Ask your healthcare provider about support groups in your area. You also can search online or check the library. You can find a support group through a national organization, such as the American stroke Association or the Aneurysm and AVM Foundation.
Preparing for your appointment
A brain arteriovenous malformations (AVMS) may be diagnosed in an emergency situation right after the bleeding has occurred. It can also be found after other symptoms symbol of a brain scan.
But sometimes a brain AVM can be found in the diagnosis or treatment of a relationship of medical condition. Then, you may be referred to a specialist trained in brain and nervous system, such as a neurologist or neurosurgeon.
Because there's often a lot to discuss, it is a good idea to get prepared for your appointment. Here are some tips to help you prepare and what to expect from your health care professional.
What you can do
- Be aware of any pre-appointment restrictions. At the time you make the appointment, be sure to ask if there is anything that you need to do beforehand.
- Write down any symptoms you're experiencing, including any that do not seem to be related to the reason for which you scheduled the appointment.
- Make a list of all the medicines, vitamins, and supplements you are taking.
- Ask a family member or friend to come with you, if possible. Sometimes it can be difficult to remember all the information provided to you during an appointment. Someone who comes with you may remember something that you've forgotten or lost.
- Write questions to ask. In addition, do not be afraid to ask questions that may arise during your appointment.
The appointment time is limited, so preparing a list of questions in advance will help to make the most of your time. For brain AVM, some basic questions to ask include:
- What are other possible causes of the symptoms?
- What evidence do I need to confirm the diagnosis?
- What are my treatment options and the advantages and disadvantages of each?
- What results can I expect?
- What type of follow-up should I expect?
What to expect from your doctor
Your neurologist is likely to ask you about any symptoms you may be experiencing, do a physical exam and schedule of tests to confirm the diagnosis.
Tests of collecting information on the size and location of the MALFORMATION to help direct your treatment options.
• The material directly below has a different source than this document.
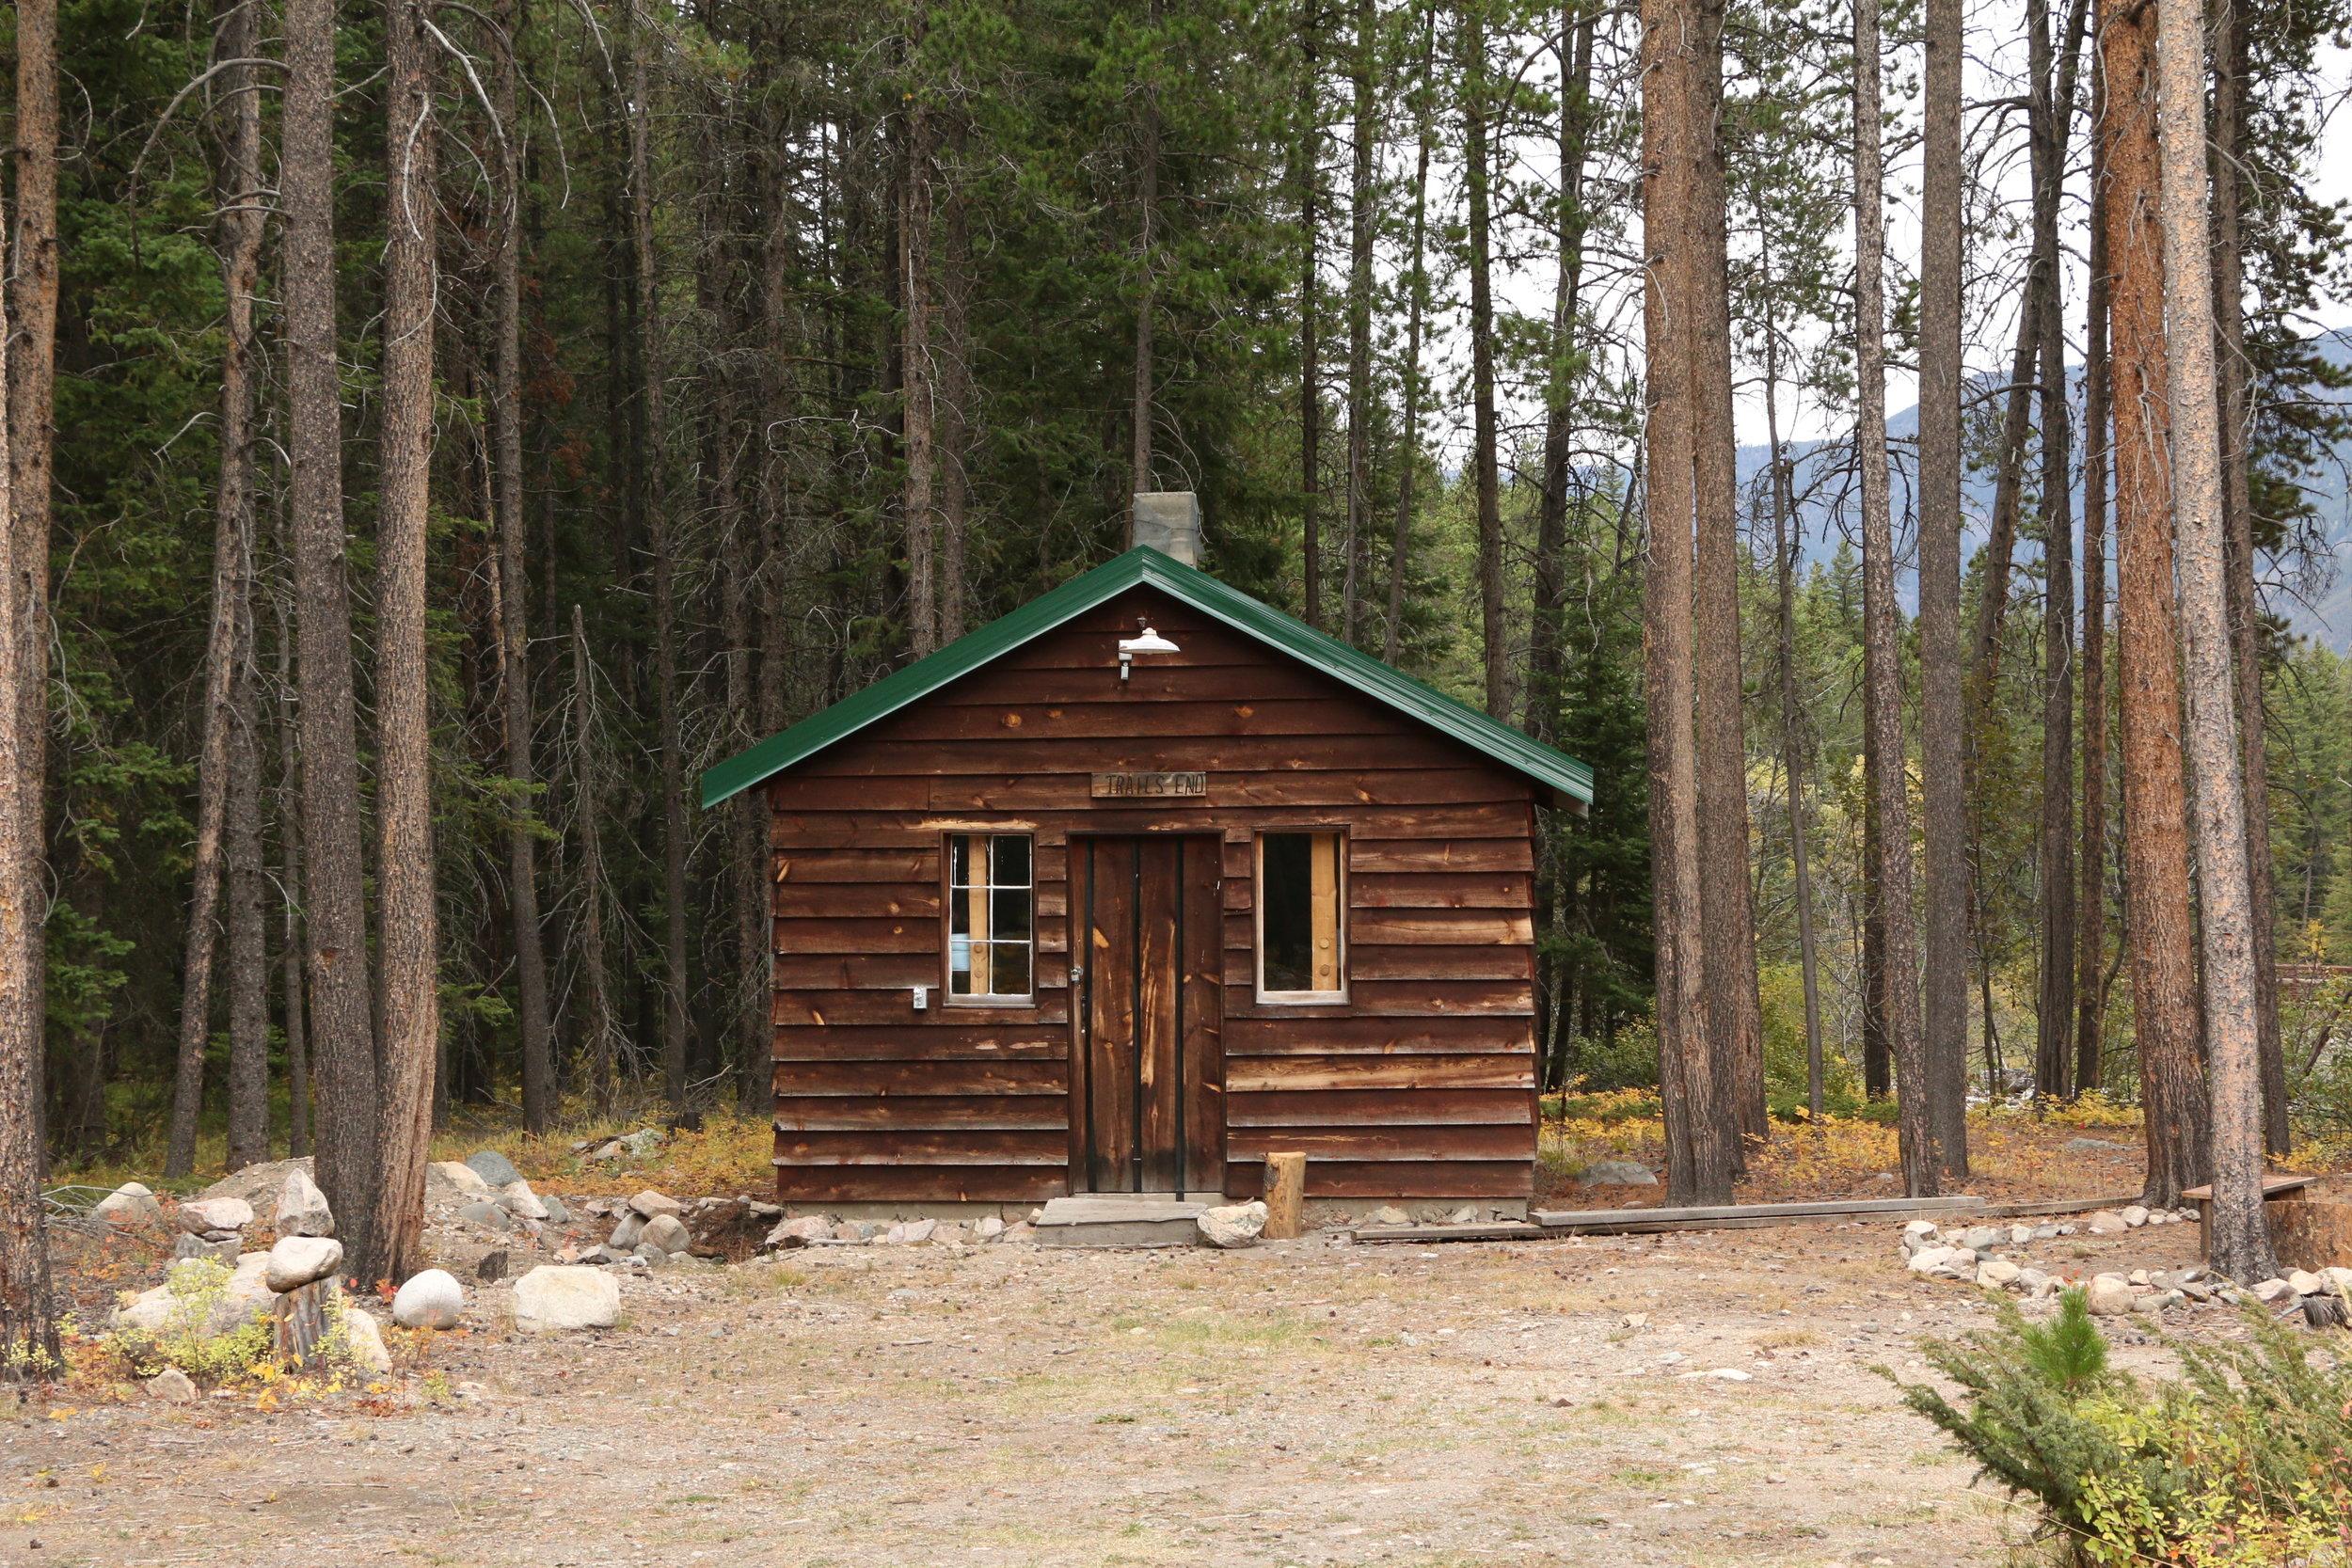 Montana - McLoed, August 23-26, 2019
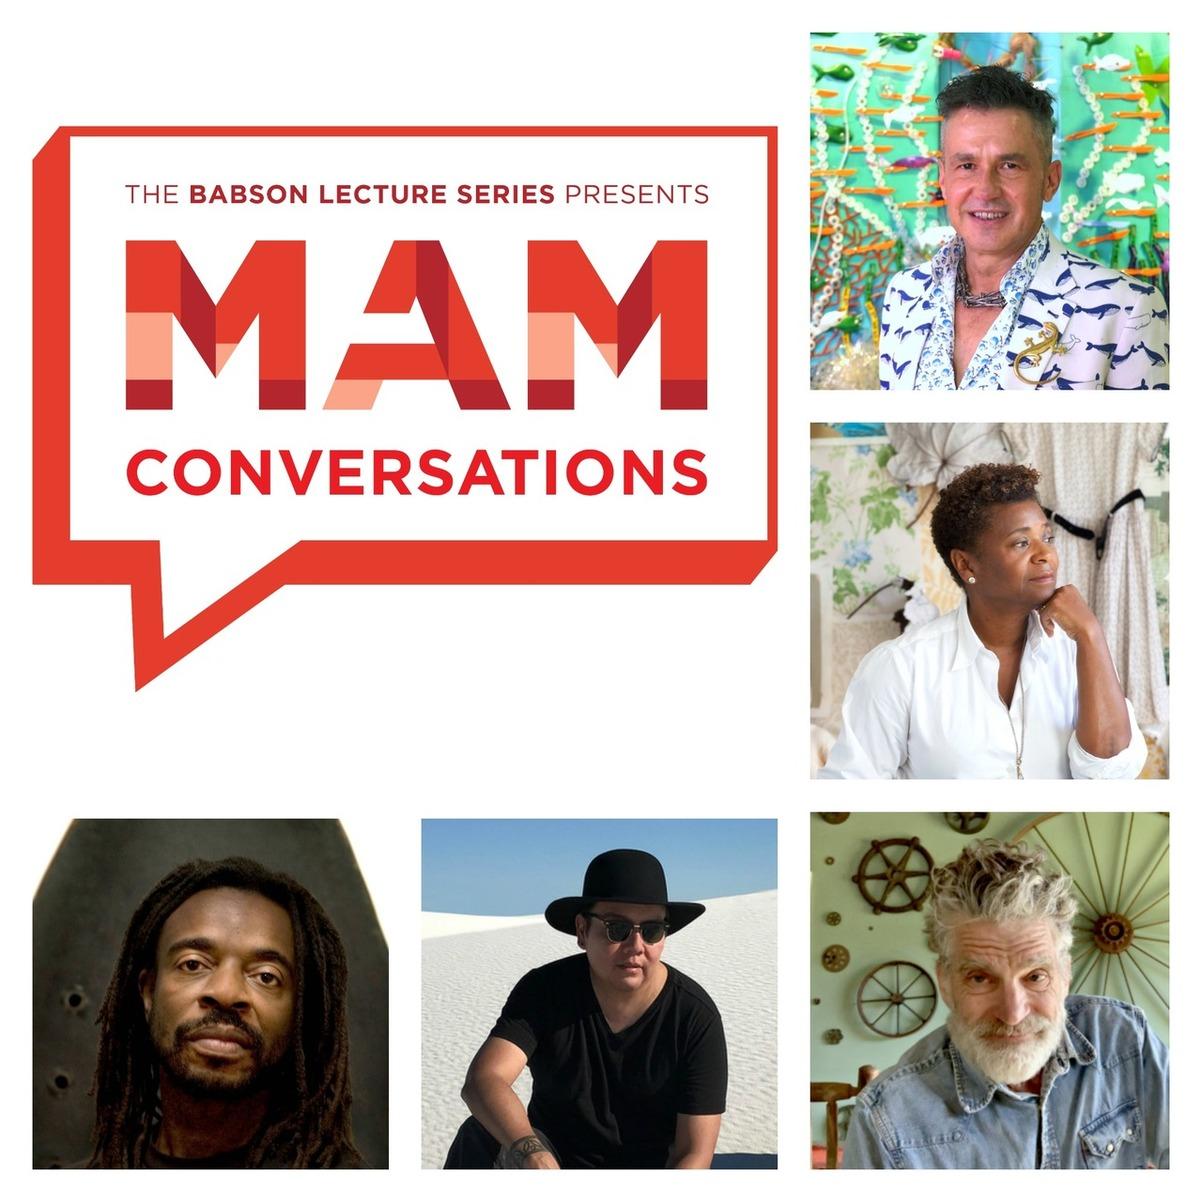 MAM Conversations series

Your neurologist may ask:
- When did the symptoms begin?
- The symptoms been continuous or occasional?
- How severe are the symptoms?
- What, if anything, seems to improve your symptoms?
- What, if anything, appears to worsen your symptoms?
What you can do in the meantime
Avoid any activity that may raise your blood pressure and put stress on the brain AVM, such as lifting heavy objects or straining. Also avoid the use of blood-thinning medications, such as warfarin (Jantovin).